Feature Request: Automatic fallback to a larger context window model when token limit is exceeded #2256

@schakraborty-staclline

Description

@schakraborty-staclline

Problem Statement

When an agent's conversation, tool outputs, or retrieved context grows beyond the configured model's maximum token/context window, the SDK currently fails (or truncates) the request rather than gracefully recovering. This is a frequent pain point for long-running agents, agents that perform multi-step tool use with verbose tool outputs, agents that ingest large documents/RAG chunks, and agents running in production where input size is hard to predict in advance.

Today users have to either:

  • Pre-emptively pick the largest (and most expensive) model for every request, even when it's unnecessary, or
  • Implement their own custom retry/escalation logic outside the SDK, or
  • Lose the conversation when a ContextWindowExceededError (or equivalent provider error) is raised.

There is no first-class, configurable way to say "if we hit the token limit on model A, automatically retry the request on model B which has a larger context window."

Proposed Solution

Add a built-in fallback mechanism that allows users to configure an ordered list of models, where the SDK automatically escalates to the next model in the list when a token-limit / context-window error is encountered.
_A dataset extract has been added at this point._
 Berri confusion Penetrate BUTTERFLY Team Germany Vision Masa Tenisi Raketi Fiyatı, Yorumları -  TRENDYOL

Proposed API (illustrative):

from strands import Agent
from strands.models import BedrockModel, AnthropicModel

primary = BedrockModel(model_id="anthropic.claude-4-5-haiku")        # ~200k ctx, cheap
fallback = BedrockModel(model_id="anthropic.claude-sonnet-4.6")        # ~1M ctx, larger

agent = Agent(
    model=primary,
    fallback_models=[fallback],            # ordered list, tried in sequence
    fallback_on=["context_window_exceeded", "input_too_long"],
    fallback_strategy="on_token_limit",   # or "on_any_error"
)

Expected behavior:

  1. The SDK sends the request to the primary model.
  2. If the provider returns a context-window / token-limit error (e.g. ContextWindowExceededError, HTTP 400 with input too long, Bedrock ValidationException for token count, etc.), the SDK transparently retries the same request against the next model in fallback_models.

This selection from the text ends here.